Анри поднял руки и покачал головой, будто обещая быть предельно серьезным.
— Его звали Луни.
На свой четвертый день рождения я попросила лошадку. Поскольку отказа не знала ни в чем, она у меня появилась. Точнее, появился пони: гладкошерстный, с короткой гривой и длинным хвостом, который почти волочился по земле. Имя придумали мы с матушкой, потому что он напоминал луну — белый, с расплывчатыми серыми пятнами.
Кататься меня учил младший конюх, Вард, под звучные оханья няньки, которая ходила за нами по пятам и постоянно говорила, что негоже леди ездить так быстро, что, если я свалюсь, она открутит ему голову. Вард только смеялся и говорил, что такая девочка, как я, никогда не упадет. Я и правда не падала: в седле сидела, будто родилась для верховой езды. Прыгать мне не разрешали — какие прыжки в четыре года, но хватало и того, что мы скакали по внутреннему двору: я на Луни и няня следом на своих двоих. Вард же стоял поодаль, сложив руки на груди и спокойно наблюдая за моими успехами. Младшим он был только на словах, на деле — под два метра ростом, мощный, широкоплечий и удивительно добрый. Лошади его любили, ни к кому больше так не шли, и я тоже его любила. А еще он никогда во мне не сомневался.

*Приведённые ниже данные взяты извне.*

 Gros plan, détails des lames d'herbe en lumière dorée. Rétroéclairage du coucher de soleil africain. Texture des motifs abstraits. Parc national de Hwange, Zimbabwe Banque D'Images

Я очнулась, когда Анри накрыл мою руку своей. Даже не заметила, как он поднялся и оказался рядом.
— Если не хочешь, можешь не продолжать.
Я замотала головой. Понятия не имела, что эта история все еще имеет для меня такое значение, и уж тем более не думала, что смогу кому-то об этом рассказать. Странно и страшно… Я поднялась, и Анри перехватил меня за талию, привлек к себе.
— Незадолго до того, как мне должно было исполниться пять, на конюшнях случился пожар.
Я словно снова была маленькой: бегала по парку, пытаясь ухватить бабочек за крылья, совершенно не думая о том, что после этого они уже не смогут взлететь. Помню, как няня изменилась в лице, помню, как обернулась и увидела густой черный дым, поднимающийся над Мортенхэймом: солома и деревянные перегородки в стойлах схватились разом. Помню, как меня подхватили на руки и побежали к замку.
Во внутреннем дворе стоял страшный шум: суетились слуги, выкатывая бочки с водой, истошно голосили собаки, трещало лопающееся дерево, ржали напуганные лошади — большинство уже успели вывести, но Луни среди них не было. Его загон располагался в самом дальнем закутке, в суматохе о нем просто забыли. Конюшни полыхали, жар стоял такой, что дышать невозможно.
Анри гладил меня по волосам, а я неосознанно положила голову ему на плечо, ладонью впитывая сильные удары сердца.
— Когда я поняла, что случилось… будто сошла с ума. Брыкалась, царапалась, укусила няню за руку.
— Это на тебя похоже.
Я слабо улыбнулась.
— А потом бросилась к нему. Прямо в огонь.
Помню, как нырнула под руку слуги, попытавшегося меня схватить, пулей пролетела вдоль стены и метнулась внутрь.
— Только дети на такое способны — не раздумывая, броситься в огненный ад.
— Не только.
Вард оказался рядом, это и спасло мне жизнь. Он бросился за мной, подхватил на руки у самого входа, но перекрытия не выдержали жара, пылающие балки обрушились прямо на нас.
— Он накрыл меня собой. Когда нас вытащили, он был уже мертв — ему перебило шею. В тот день я впервые упала на грань.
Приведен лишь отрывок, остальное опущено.